Cigarette smoking accentuates coronary heart diseases and atherosclerosis. Smoking more than ten cigarettes per day pertains to be a major risk factor for Ischemic heart diseases [9].

It is a well-known fact that nicotine is one of the important constituent of tobacco which has predominant influence on increasing lipid levels in blood. The cause of high levels of blood lipids is due to the catacholamines and adenyl cyclase axis induced tissue lipolysis. This is initiated by the stimulation of nicotine. Smoking leads to increase in oxidised LDL-cholesterol which in turn initiates atherosclerosis [10].
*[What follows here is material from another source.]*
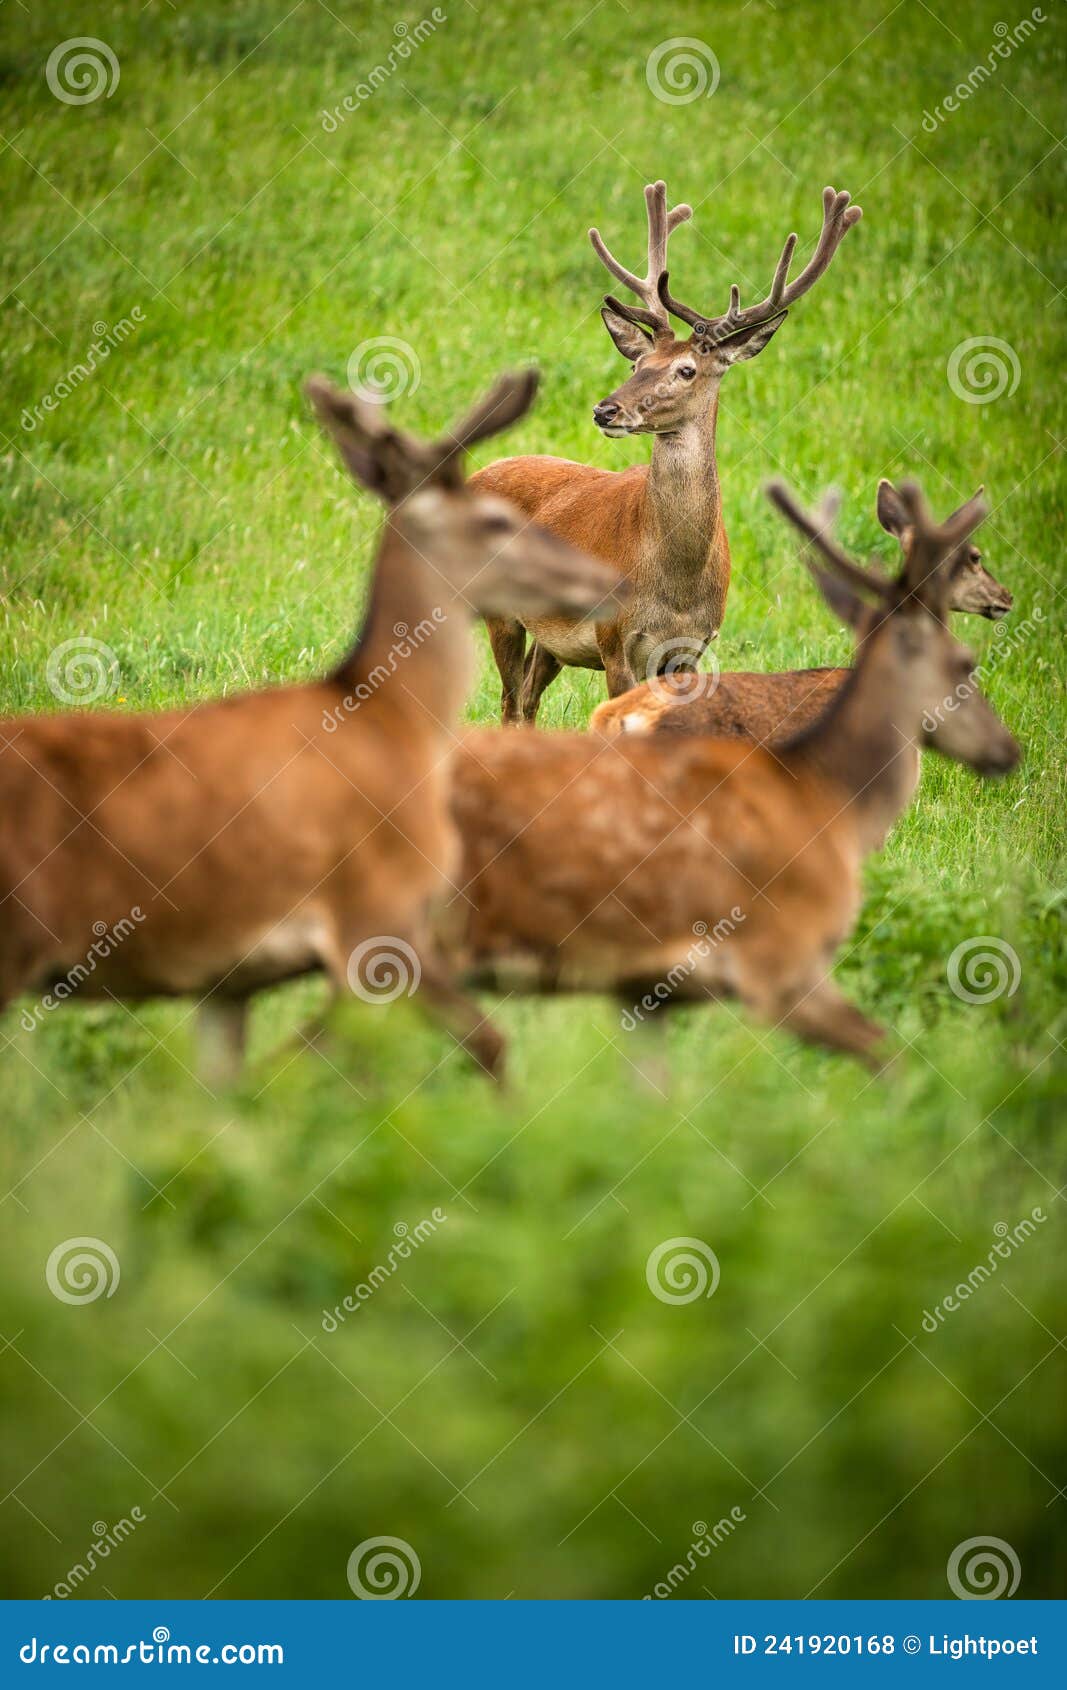 fallow deer wild ruminant mammal on pasture

Our study reveals statistically significant (P<0.001) levels of serum triglycerides and LDL cholesterol in smokers in comparison to non smokers. Increased levels of serum triglycerides and LDL cholesterol I smokers is in agreement with previous reports [11-13]. IHD is related to fasting levels of triglycerides and cholesterol [14].

Cessation of smoking will lessen the risk of developing ischemic heart disease in rural population Further studies in a larger rural population is suggested to formulate policy on banning smoking for the benefit of mankind.

Conclusion

Our study establishes a significant relevance between smokers and non smokers. Elevated levels of serum LDL-Cholesterol and triglycerides in smokers predispose them to CHD in comparison to non smokers.